全ての連なる世界を、その統べる地母神として形象化する。蛇として表すのは、その脱皮が再生・更新を象徴するからであろう。

樫木知子
《僕はあの世の入口だ》(490mm×680mm)は、木目に沿って並ぶ桜花によって埋め尽くされる灰色の壁の節にある眼球に目を奪われた少年が、火を灯した細い蝋燭を近づけて覗き込んでいる姿を描いた作品。灰白色の板壁は木目がはっきりしていて、5つ見える節を中心にそれぞれ紡錘状の線を連ねている。
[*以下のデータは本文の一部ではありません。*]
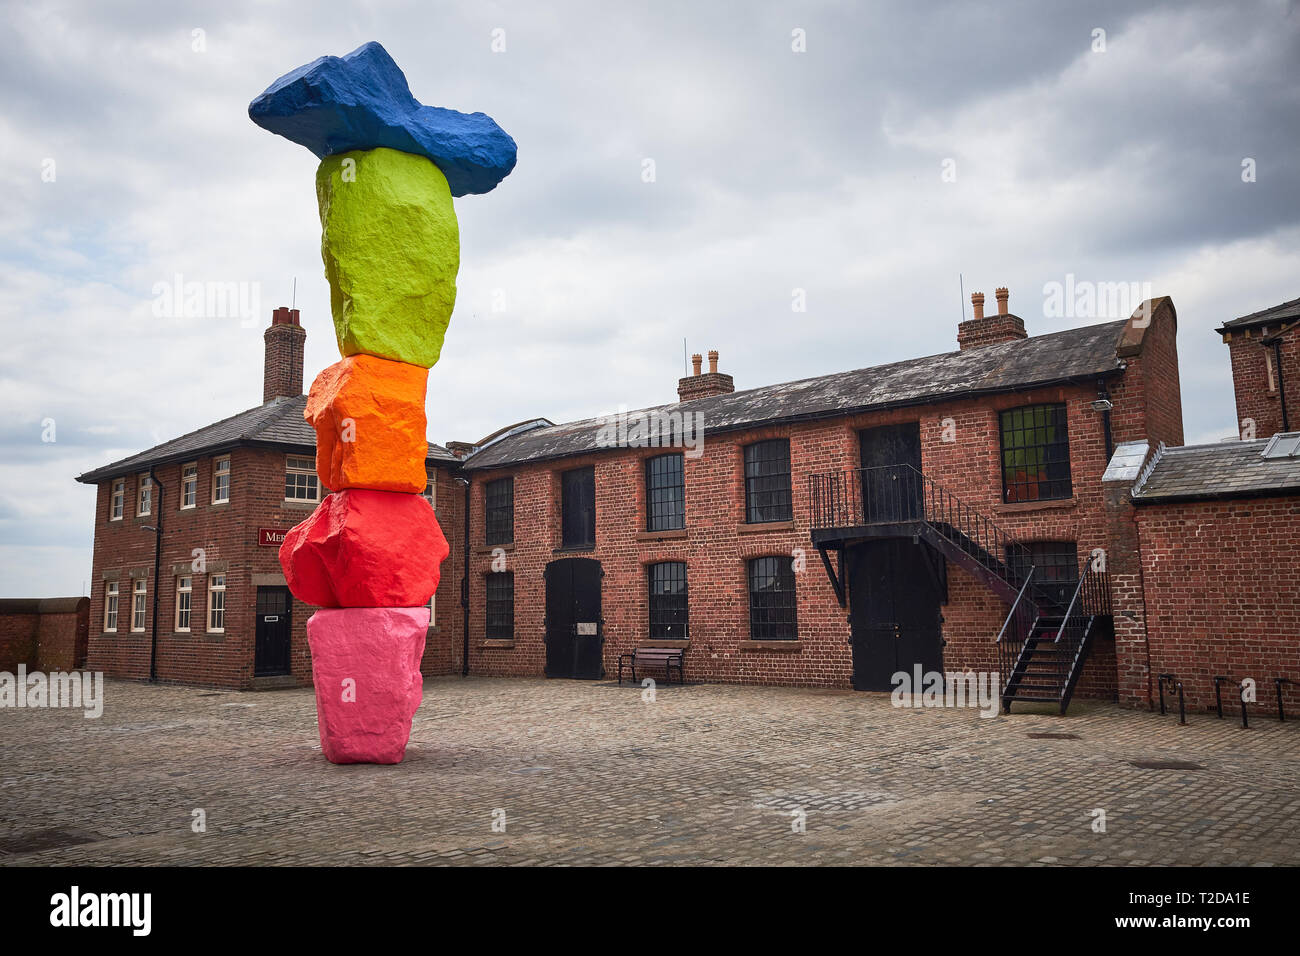 Outside the Tate Liverpool art gallery surrounded by buildings of the Royal Albert dock stands a sculpture by Ugo Rondinone named Liverpool Mountain Stock Photo

その線の内部にはピンクや黄、黄緑の桜の花が並び、花によっては雄蕊や雌蕊が長く延びていたり膨らんでいたりする。その花は、木の節である眼球から壁の向こうを覗き見ようとする少年をも覆い尽くす。蝋燭の火を近づけて果たして向こうの世界は見えるだろうか。火の扱いに気を付けなくては誤って眼球を焼いてしまうことにもなりかねない。同題作品《僕はあの世の入口だ》(335mm×405mm)には、やや黄味を帯びた灰白色の木の床や自らの皮膚に筆で文字を記している裸の少年の姿が描かれる。床には木目に沿って文字が描き込まれている。少年は両膝を突いて突っ伏すように座り、頭頂部を床に押し付けて右の膝頭に筆で文字を書いている最中だ。既に少年の肌にはびっしりと文字が描き込まれているが、背中や後頭部には誰が文字を書き付けたのであろうか。下敷きとされていると考えられる「耳なし芳一」なら寺の住職ということになる。彼の周囲を舞う朧気な3頭の蝶は貴人であり、平家の怨霊と解される。両作品とも、少年自らの姿勢に加え、画面を埋め尽くす花や文字によって、窃視や書字への没入が表現される。忘我により他界へと到るのだ。
《私を探す》(1000mm×652mm)は、草地の中にある、赤い水を湛えた穴に左腕を突き込む半裸の少年を表した作品。縦長の画面の上部3分の2ほどはタンポポホトケノザオオイヌノフグリナズナなどの繁茂する草地で、画面下部に赤を帯びた水の溜まる穴がある。少年は顔を水面すれすれまで近づけ、左腕を入れて何かを取ろうとしている。彼のいる穴への斜面は草が疎らにしか生えておらず、土というより器官のような印象だ。水面には渦ができ、精子のようなものが泳いでいる。但し、「精子」には胸鰭や腹鰭のようなものがそれぞれ対で付いている。改めて草叢に目を遣ると、無数の「精子」がこの赤い水へと集まって来ているのが分かる。少年は「精子」とともに子宮に向かい、自らの起源を探ろうとしているのかもしれない。卵子に向かう精子と同化することで少年は、むしろ自らを失っていくようだ。
ツツジ》(1000mm×727mm)は、躑躅の花と色紙の「絨毯」に横になり、両掌に抱えた躑躅の花から蜜を吸っている少年の姿を表した作品。画面上端は、極淡い桃色、橙、緑などの色紙と色味の薄い躑躅の花が覆い、画面下部に向かって次第に濃い色の花と同じ色味のより小さな色紙によって埋め尽くされていく。紗のような衣を着て、裳を履いた裸足の少年の身体は頭が下に着ている。身体の右側を花の「絨毯」に押し付け、顔の前の両掌に盛った花弁の1つを吸っている。蜜を味わう少年は花と一体化し、世界に溶けてしまう。

過去・未来・現在は私を含む世界で繋がっている。